Personally, I don't think that asking for them to have a copy of Blackout
on the shelf was asking too much. Then they didn't have any of Cherie Priest's older books, either.
The thing is, I do there what I do at every other book store. I look at the faceouts and the endcaps. I browse the new releases. I let my eyes wander over the shelves as I walk through the store on my way to and from the section where I hope to find my book/author. This has worked many times in Elliott Bay books, for example, and I've had a few discoveries from them. It's even worked at B&N. It certainly works at the library. So what is it about Powell's?
I think it's a matter of expectations. You don't have to convince me that Powell's is an amazing, enormous book store and more fully stocked than your typical independent bookstore. The books I have looked for and not found there have been genre fiction. They have lots of genre fiction, just not anything I want. Because they are so big, and going there is part of why I'd be in Portland anyway, I want them to have the books I don't find in other places, either.

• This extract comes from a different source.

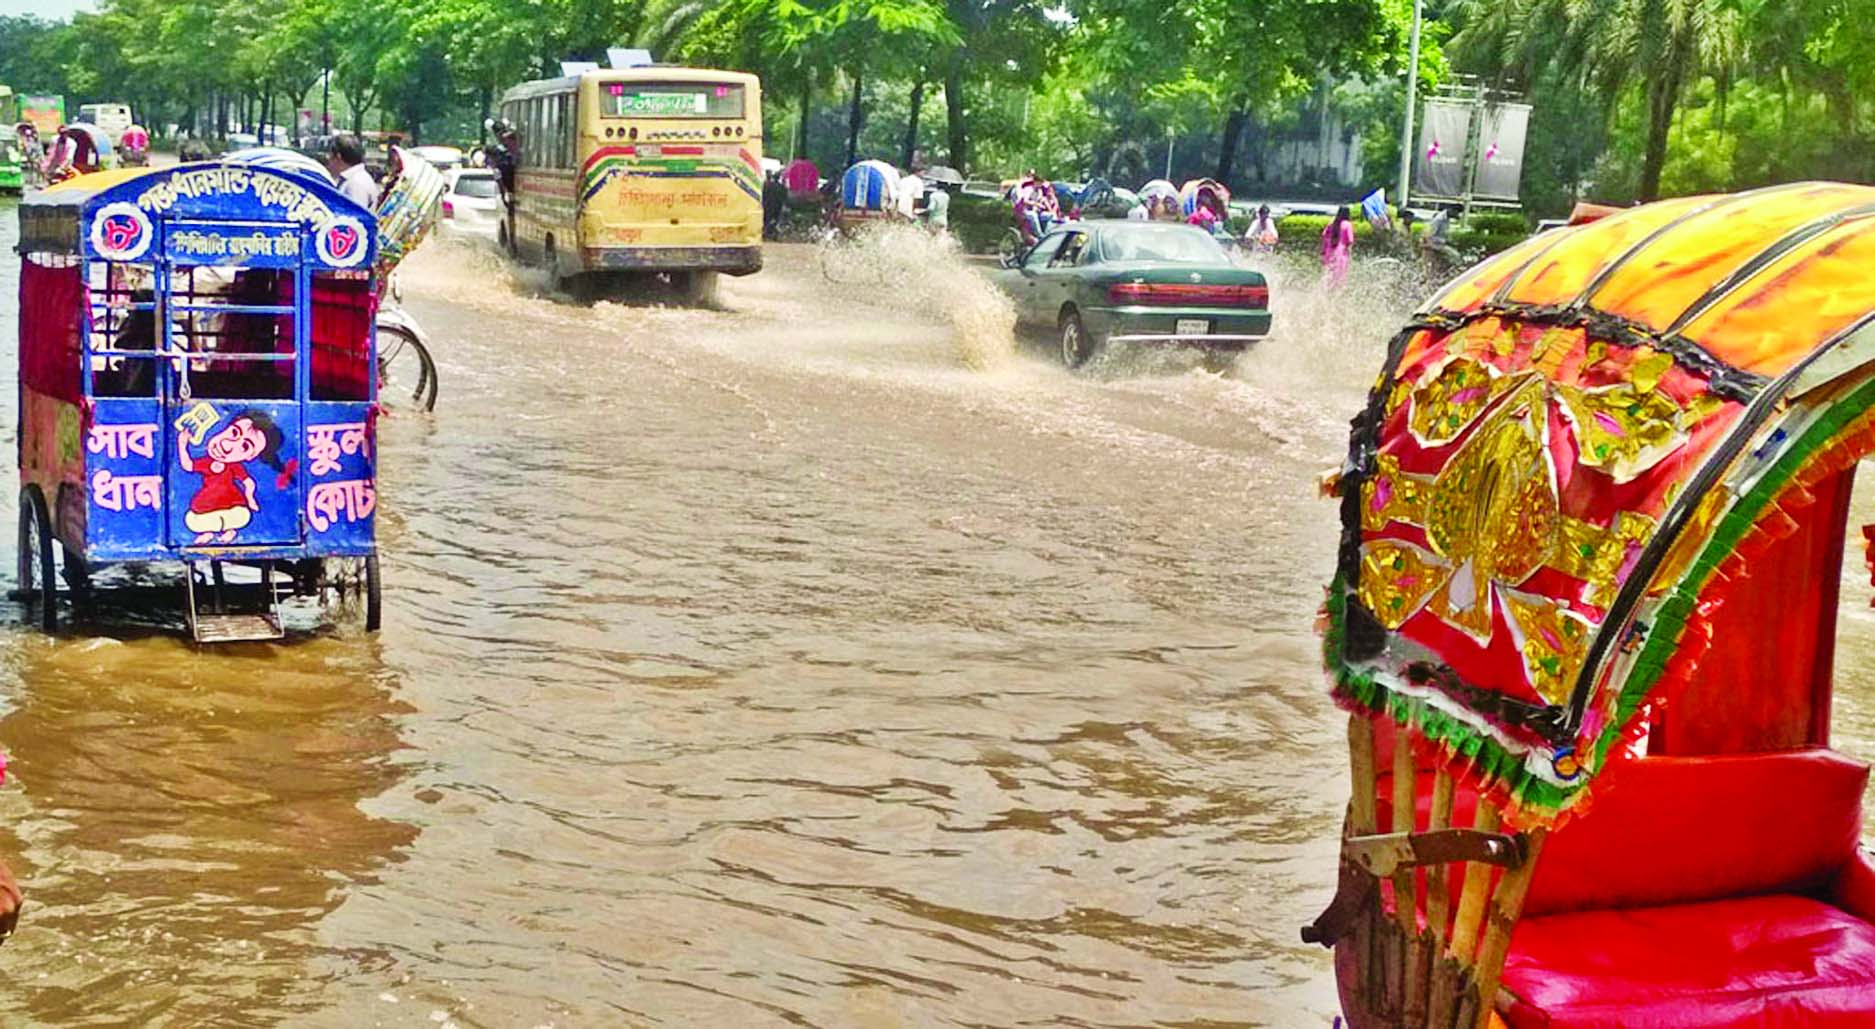 Rain causes traffic chaos in city
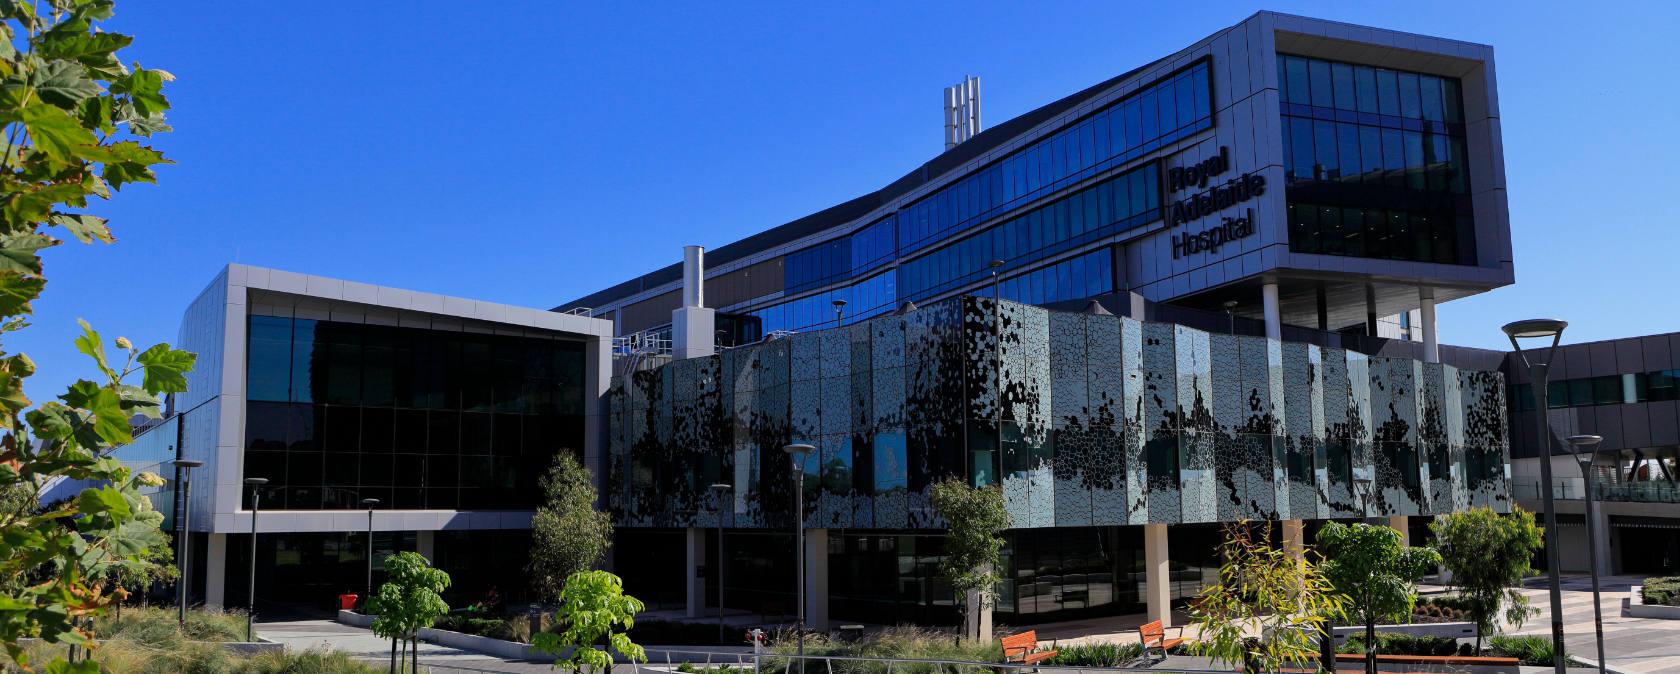 New Royal Adelaide Hospital building

I'm having waffle failure even as I write this. I guess the first one is the sacrificial waffle. I can't find the kitchen timer, which fell and had its magnet broken off and so isn't on the fridge where it would be useful. Plus, I don't have the batter recipe that I usually use. Halfway through mixing, I realized that this internet recipe didn't call for sour cream.
Anyway, the long and the short of it is that even though I did a lot of cool stuff this weekend, I'm ultimately feeling that I didn't get what I set out for. It's a pretty pessimistic, disappointment focused assessment of things. For simplicity, I can blame hormones, but I don't think that addresses the real problem.
Eating the waffles may not be addressing the root problem, but it is making me feel cheerier by the bite.